At twilight the Witch sits in the shadows, just out of sight, and speaks to him in low, quavering tones.

“Little boy,” she says, “little boy.”

He stirs.

“You know who I am,” she says, “even if you don’t know my name.”

He peers into the darkness.

“Your mind has been warped to believe in lies. You need to wake up. Your father is a great man. How do we know? Because he is wealthy. If the poor were so smart, they wouldn’t be poor. Your father’s success is proof of his destiny, his superiority. Who are you to tear him down?”

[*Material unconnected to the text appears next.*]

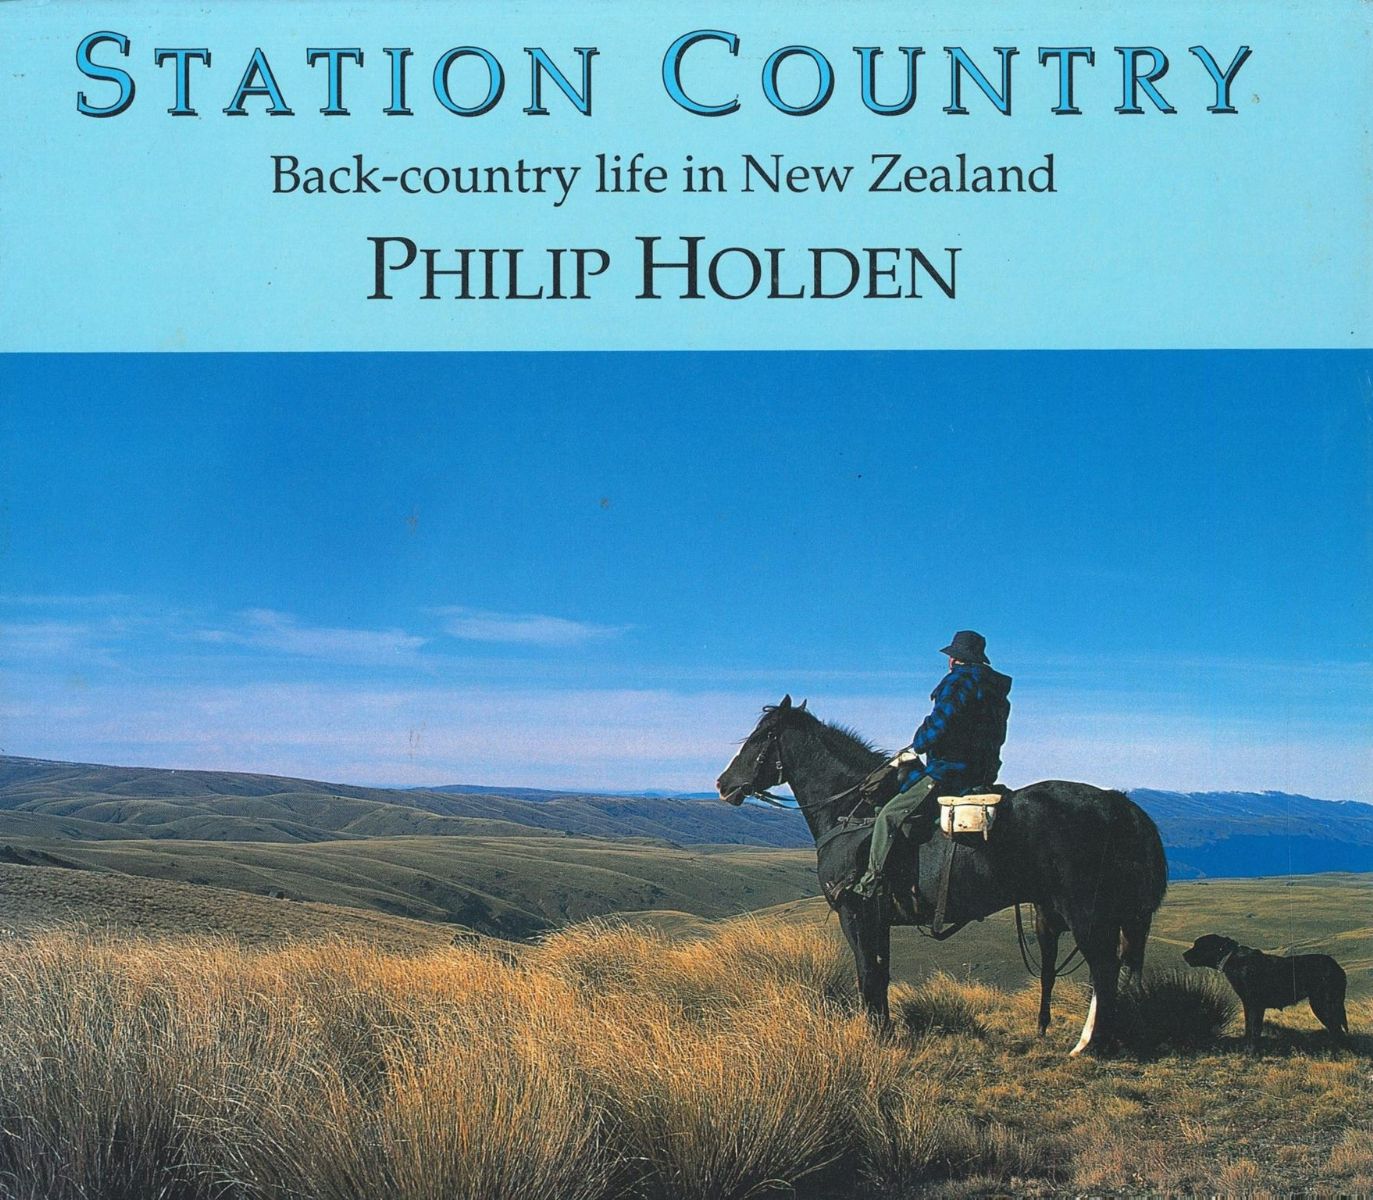 STATION COUNTRY: Back-country life in New Zealand

As Simon drifts in and out of consciousness, she tells him all the old fairy tales from the point of view of the wolf. A lonely witch in a gingerbread house. A wee man enslaved by his own name. The point is not to see things from their point of view. She doesn’t try to justify their actions in some reverse moral paradox. Instead, she suggests that empathy itself is a lie. One is what one is. Wolves eat pigs. Witches eat children. Poor you, if you’re a child, but one can’t argue the natural order.